Para o jurista atento, o cenário exige uma interpretação que vá além da letra fria da lei. É necessário compreender a colisão de princípios constitucionais. De um lado, o Estado detém o dever-poder de garantir a ordem e a segurança nos estabelecimentos penais, conforme preconiza a Lei de Execução Penal (Lei nº 7.210/84). Do outro, encontram-se os direitos individuais dos agentes estatais, que não despem de sua cidadania e de suas garantias constitucionais ao assumirem suas funções públicas. A submissão diária à radiação, ainda que em baixas doses, sem uma justificativa concreta de suspeita, pode configurar um excesso do poder de fiscalização.
A compreensão destas nuances é vital para a advocacia criminal e administrativa moderna. A defesa de direitos em face do poder punitivo ou disciplinar do Estado requer um domínio sólido não apenas das normas, mas da principiologia que as sustenta. Para os profissionais que buscam excelência nesta área, o aprofundamento acadêmico é indispensável.

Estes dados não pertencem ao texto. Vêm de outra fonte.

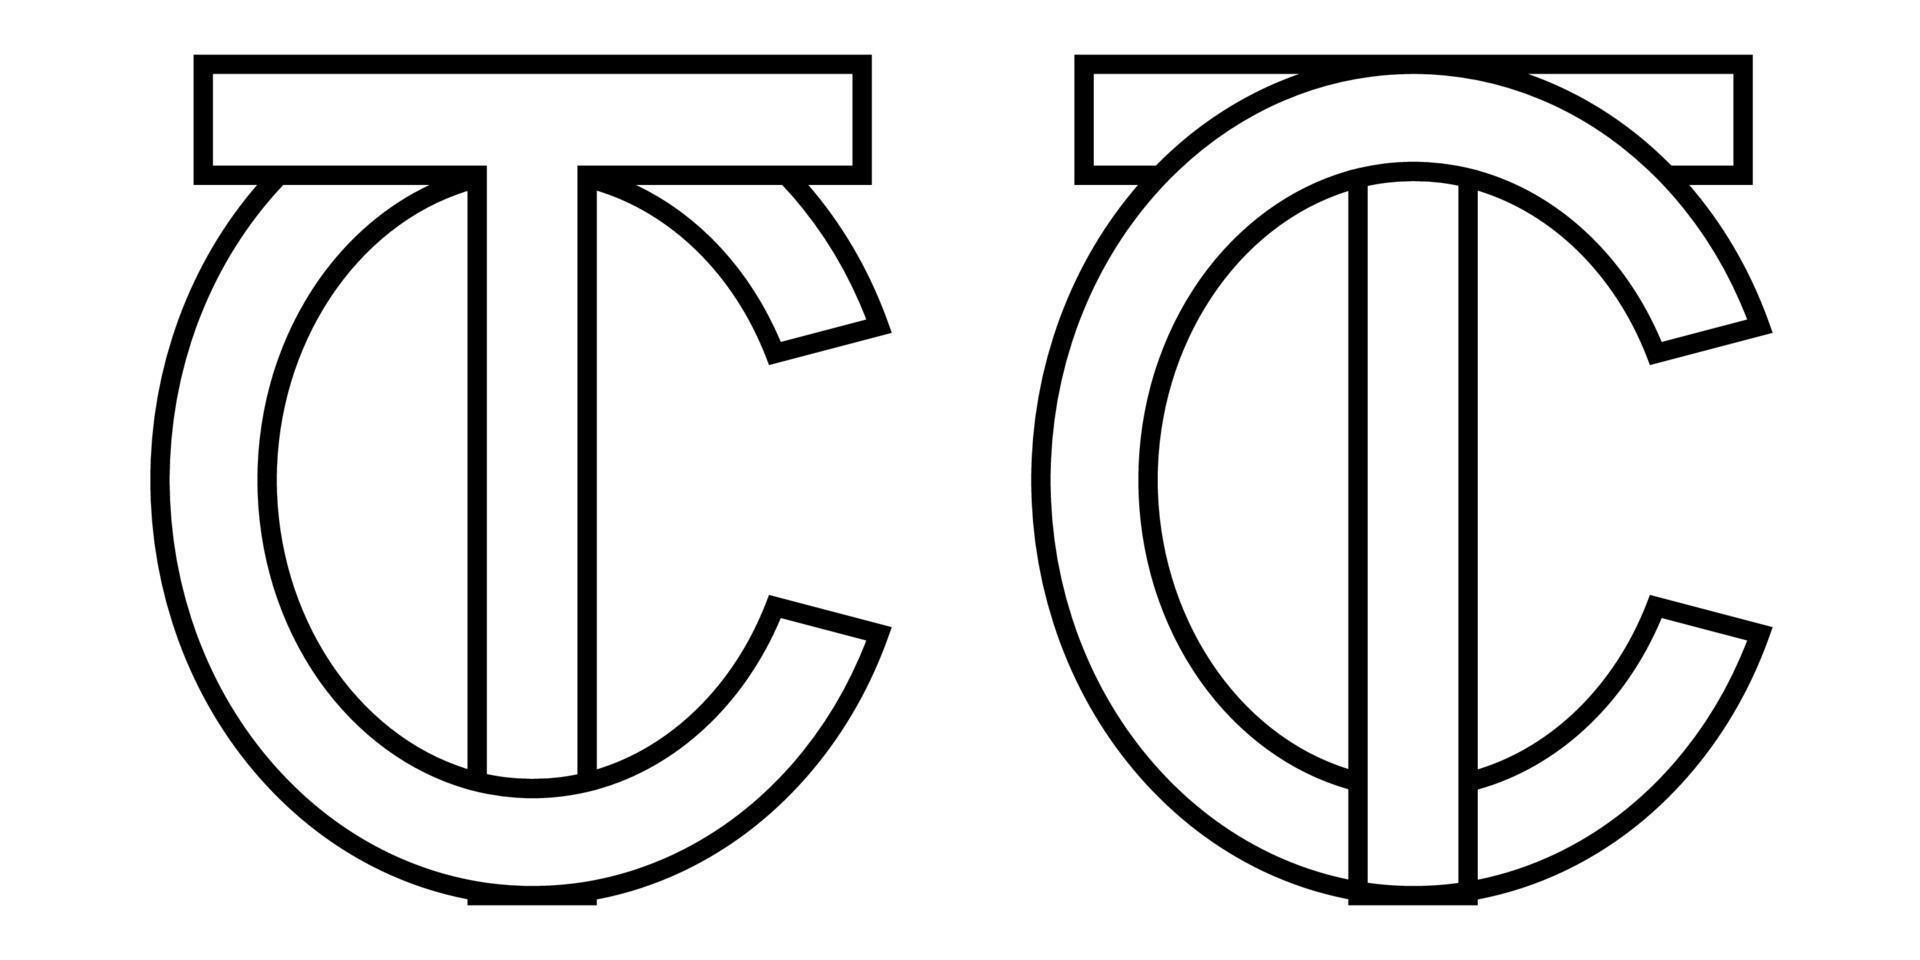 logo firmar tc Connecticut icono firmar dos entrelazado letras yo, C vector logo tc, Connecticut primero capital letras modelo alfabeto yo, C

Uma formação robusta, como a Pós-Graduação em Direito Penal e Processo Penal Aplicado, oferece as ferramentas dogmáticas necessárias para enfrentar teses complexas sobre execução penal e limites do poder estatal.
Historicamente, o sistema prisional brasileiro foi marcado pela prática da revista íntima manual, muitas vezes realizada de forma vexatória. Tal procedimento, que envolvia o desnudamento e a inspeção invasiva de cavidades corporais, foi alvo de inúmeras críticas por organismos internacionais de direitos humanos e, paulatinamente, vedado por legislações estaduais e por entendimentos jurisprudenciais. O Supremo Tribunal Federal (STF) e o Superior Tribunal de Justiça (STJ) consolidaram o entendimento de que a prova obtida mediante revista vexatória é ilícita, por violação frontal à dignidade da pessoa humana.
Nesse contexto, o body scanner surgiu como a solução tecnológica ideal. Ele permite a visualização de objetos proibidos ingeridos ou ocultos sob as vestes sem a necessidade de contato físico. Contudo, a tecnologia trouxe consigo novos desafios jurídicos. A questão deixou de ser a invasão física imediata para se tornar uma invasão radiológica e, potencialmente, uma violação da intimidade digital. A imagem gerada pelo scanner revela o contorno corporal nu, o que, por si só, exige protocolos rigorosos de manuseio e visualização para evitar constrangimentos desnecessários.
Além disso, a transição da revista manual para a tecnológica não confere ao Estado um cheque em branco para o monitoramento irrestrito. A tecnologia deve servir à dignidade humana, não subjugá-la. Quando o uso do equipamento deixa de ser uma ferramenta de triagem baseada em fundadas suspeitas ou em amostragens aleatórias razoáveis e passa a ser uma rotina diária e obrigatória para servidores, altera-se a natureza da medida. Ela deixa de ser preventiva para se tornar, aos olhos de muitos doutrinadores, uma medida de desconfiança sistemática e presumida contra o próprio agente do Estado, invertendo a lógica da presunção de inocência e da boa-fé que deve reger as relações administrativas.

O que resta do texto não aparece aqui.